In his daze, the Brigadier was slow to catch Theta’s movements. By the time he caught up to things, the Timelord was standing on the other side of the console, hands over the controls. He raised the pistol again, but even he knew he wouldn’t fire. He couldn’t shoot a man who looked just like the Doctor. He couldn’t risk hitting the real Doctor, or putting Liz in harm’s way if Theta retaliated.
So the Brigadier glared from behind his pistol and watched Theta enter something into the controls, while the Doctor struggled to his feet.
“Hold still!” shouted the Brigadier. “That is an order.”
Theta looked up with none of the kindness he’d had a moment before. He was serious; cold. The way that a calculating profiteer is cold.
“I don’t take orders from you, Brigadier. I only answer to the Timelords.”

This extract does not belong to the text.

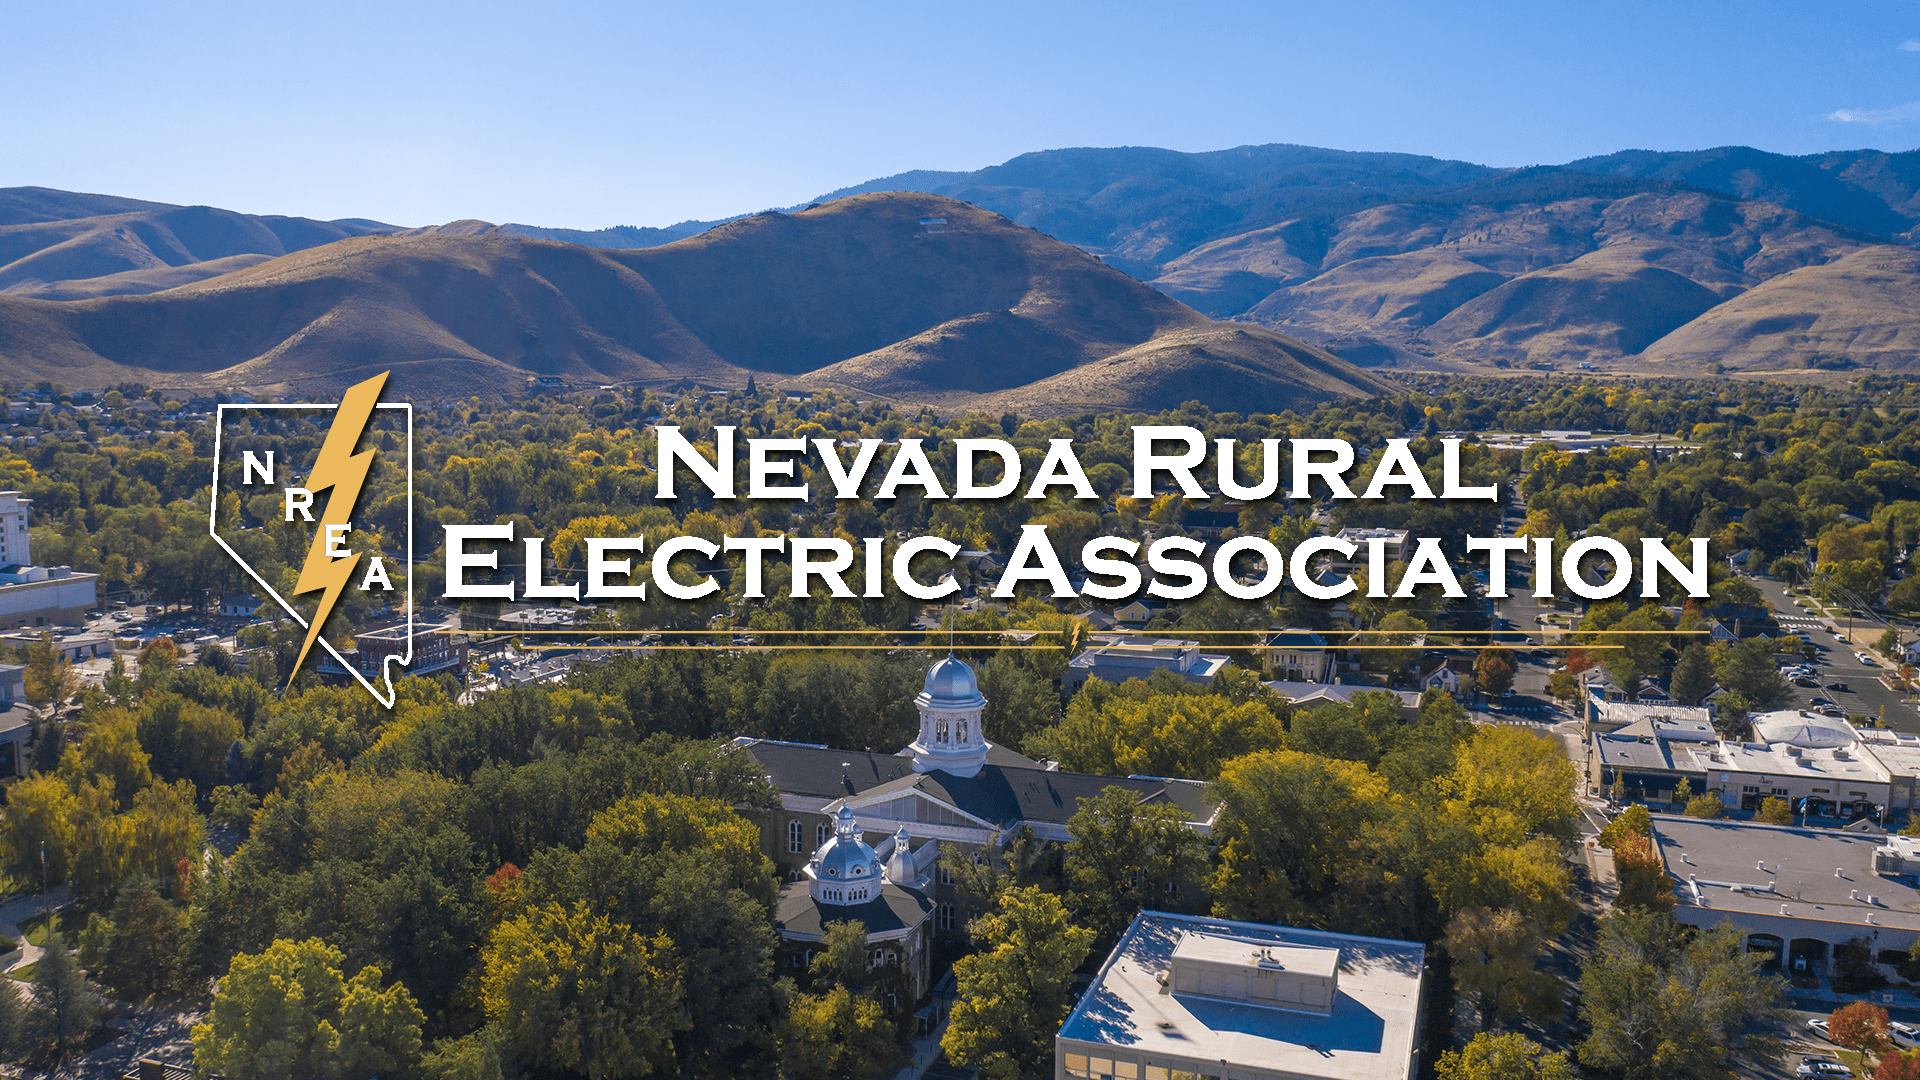 Nevada Rural Electric Association Annual Meeting, Carson City, NV

“What was all that business about caring? You said in every universe-”
“I do care, Brigadier.” Theta paused at the controls and looked up for a long moment with an impossibly sad look in his eye. “I care a great deal. That’s why I must do this.”
Liz stuttered forward to Alistair’s side.
“What? What are you doing?”
Theta’s frown intensified.
“I’m making sure you never become victims of him.” He pointed a sudden finger toward the Doctor. “Victims of the Doctor and the trouble he brings.”
“But you are the Doctor,” said the Brigadier.
Theta shook his head.
“No,” he said. “I’m not.”
“Answer me this,” Liz said, stepping forward. “How do you know it’ll all end so badly? What if you’re ‘protecting’ us from something that won’t happen?”
Theta’s lips curled into a sad smile.
“That’s the thing about the Doctor. It always ends badly. People always get hurt.”
The Brigadier scoffed.
“Isn’t that true of anyone, if you wait long enough?”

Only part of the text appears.